The server's Docker healthcheck and the agent both verify against /etc/certctl/tls/ca.crt; no -k / InsecureSkipVerify anywhere in the default stack.

Pattern 2 — Operator-supplied kubernetes.io/tls Secret (Helm)

This is the default path for Helm installs. The operator provisions a Secret of type kubernetes.io/tls holding tls.crt + tls.key (and optionally ca.crt for mounting a CA bundle to clients in the same cluster) from whatever source they already trust — their internal CA, a manually-issued cert, step-ca, AWS ACM PCA exported to PEM, or the output of the self-signed bootstrap pattern above copied into a cluster Secret.

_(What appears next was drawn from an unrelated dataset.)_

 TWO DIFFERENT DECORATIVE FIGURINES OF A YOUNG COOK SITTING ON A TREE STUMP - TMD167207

kubectl create secret tls certctl-server-tls \
  --cert=server.crt \
  --key=server.key \
  --namespace certctl

Then:

helm install certctl deploy/helm/certctl \
  --namespace certctl \
  --set server.tls.existingSecret=certctl-server-tls

The Secret is mounted read-only at /etc/certctl/tls/ in the server pod. The CERTCTL_SERVER_TLS_CERT_PATH and CERTCTL_SERVER_TLS_KEY_PATH env vars are wired to tls.crt and tls.key keys inside that mount. If ca.crt is absent from the Secret, clients that need a CA bundle should use tls.crt as the bundle (self-signed case) or mount a separate ConfigMap with the root chain (operator-CA case).

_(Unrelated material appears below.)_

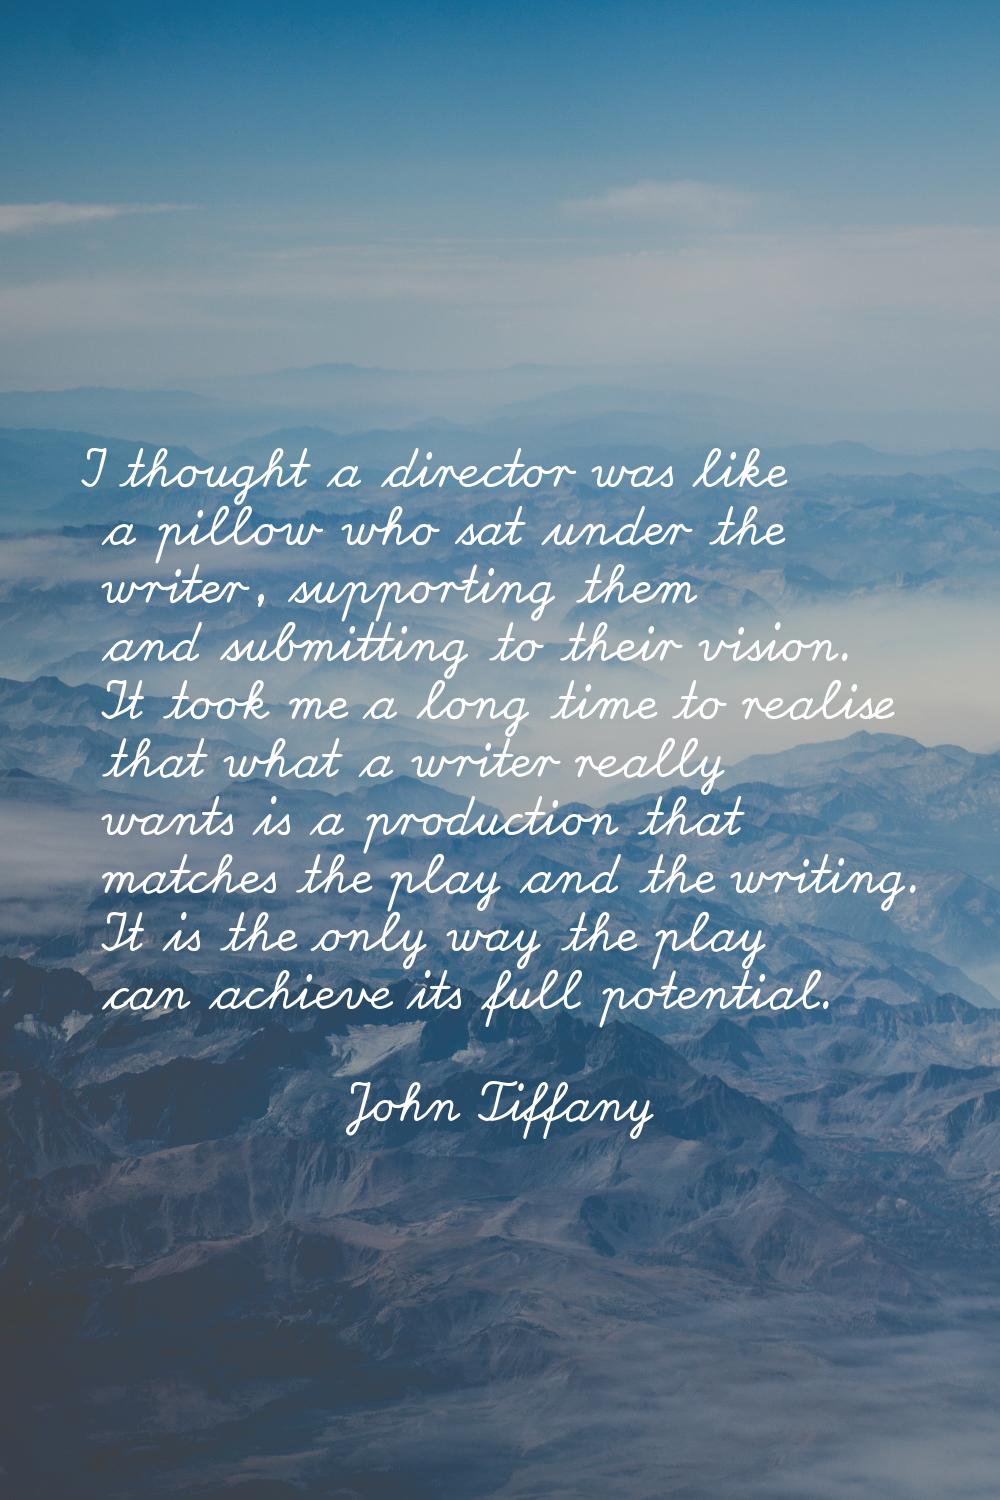 I thought a director was like a pillow who sat under the writer, supporting them and submitting to

If the operator sets neither server.tls.existingSecret nor server.tls.certManager.enabled=true, helm template / helm install fails at render-time with a diagnostic pointing at this doc. The guard is implemented in deploy/helm/certctl/templates/_helpers.tpl under the certctl.tls.required helper. This is deliberate: the HTTPS-only server would crash-loop on an empty path, so we fail earlier at Helm-render time.

Pattern 3 — cert-manager Certificate CR (Helm, opt-in)

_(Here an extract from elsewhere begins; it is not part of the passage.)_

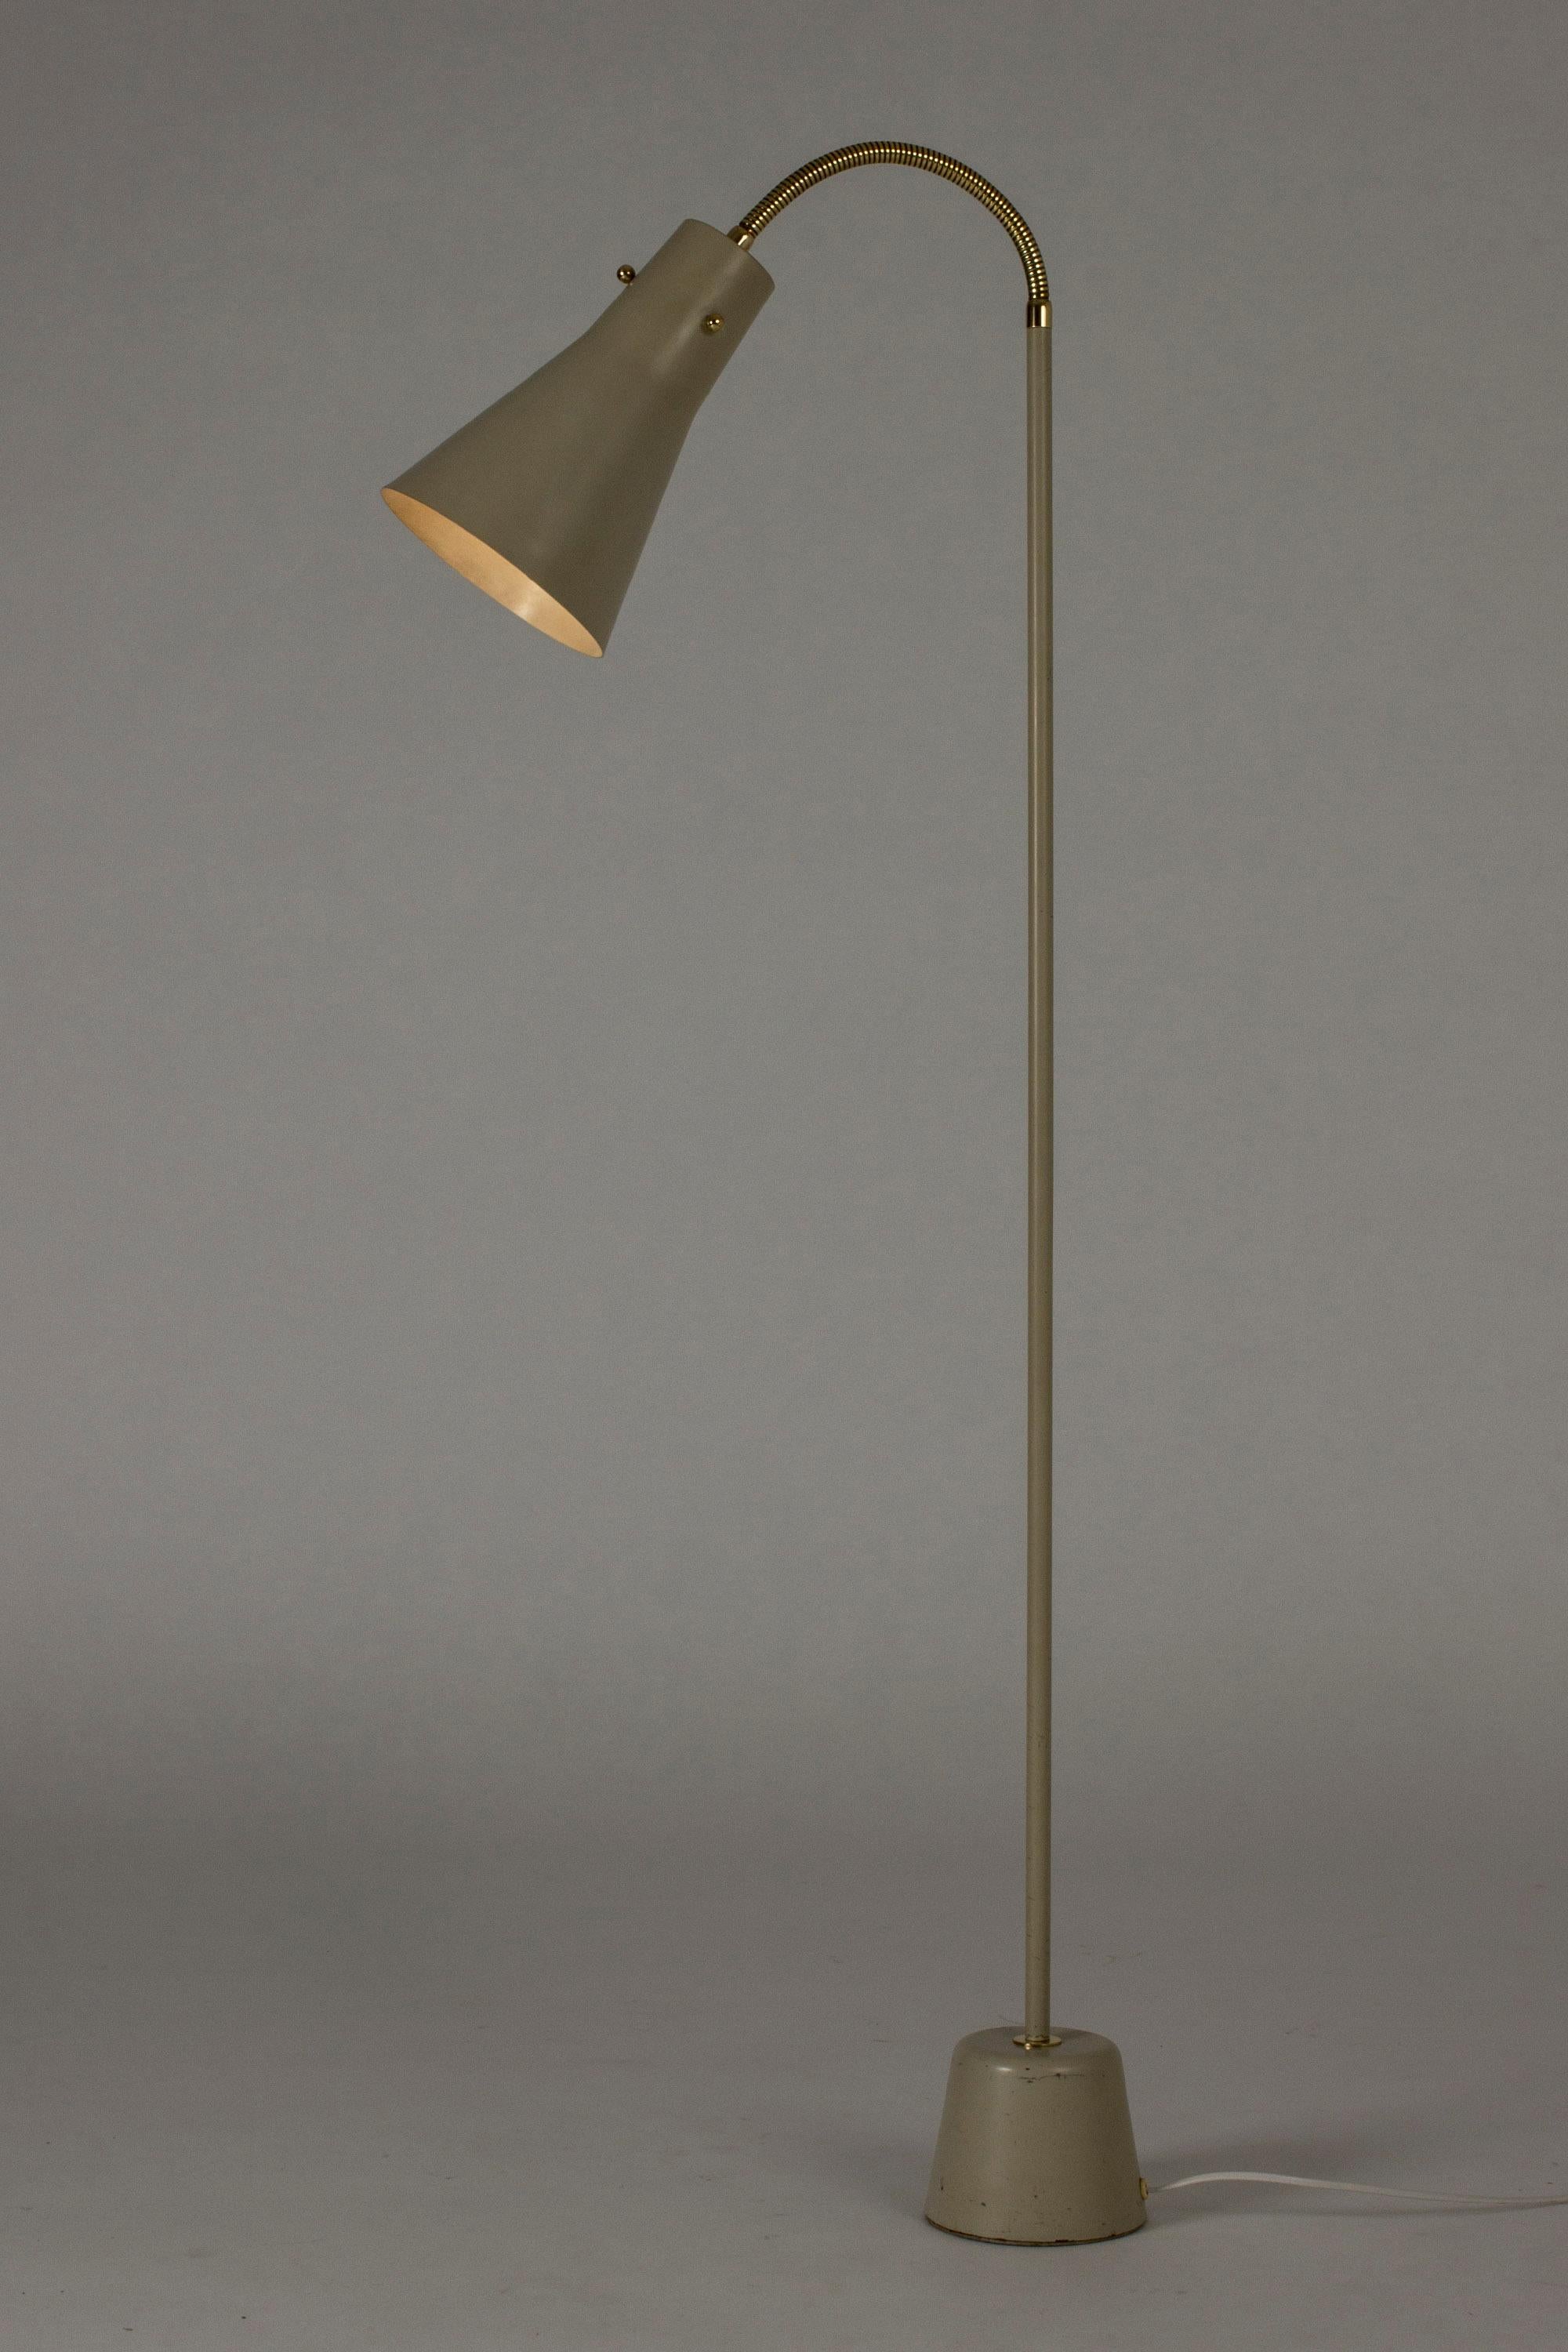 Finnish Lacquered Metal Floor Lamp by Lisa Johansson-Pape

For clusters that already run cert-manager, the chart can provision a Certificate CR that writes into the Secret the server pod reads from. This is opt-in — the default is server.tls.certManager.enabled: false — because not every cluster has cert-manager installed, and we refuse to ship a chart that silently depends on an external controller.

helm install certctl deploy/helm/certctl \
  --namespace certctl \
  --set server.tls.certManager.enabled=true \
  --set server.tls.certManager.issuerRef.name=my-cluster-issuer \
  --set server.tls.certManager.issuerRef.kind=ClusterIssuer

The rendered Certificate (see deploy/helm/certctl/templates/server-certificate.yaml) writes tls.crt + tls.key + ca.crt into the Secret named by server.tls.certManager.secretName (defaults to <fullname>-tls). The server pod reads from that same Secret; the agent DaemonSet mounts the same Secret as its CA bundle source.

cert-manager handles rotation. certctl-server handles in-place reload — see the SIGHUP section below.

The chart enforces that if server.tls.certManager.enabled=true, server.tls.certManager.issuerRef.name must also be set. An empty issuerRef.name makes helm template fail with a diagnostic naming the missing flag.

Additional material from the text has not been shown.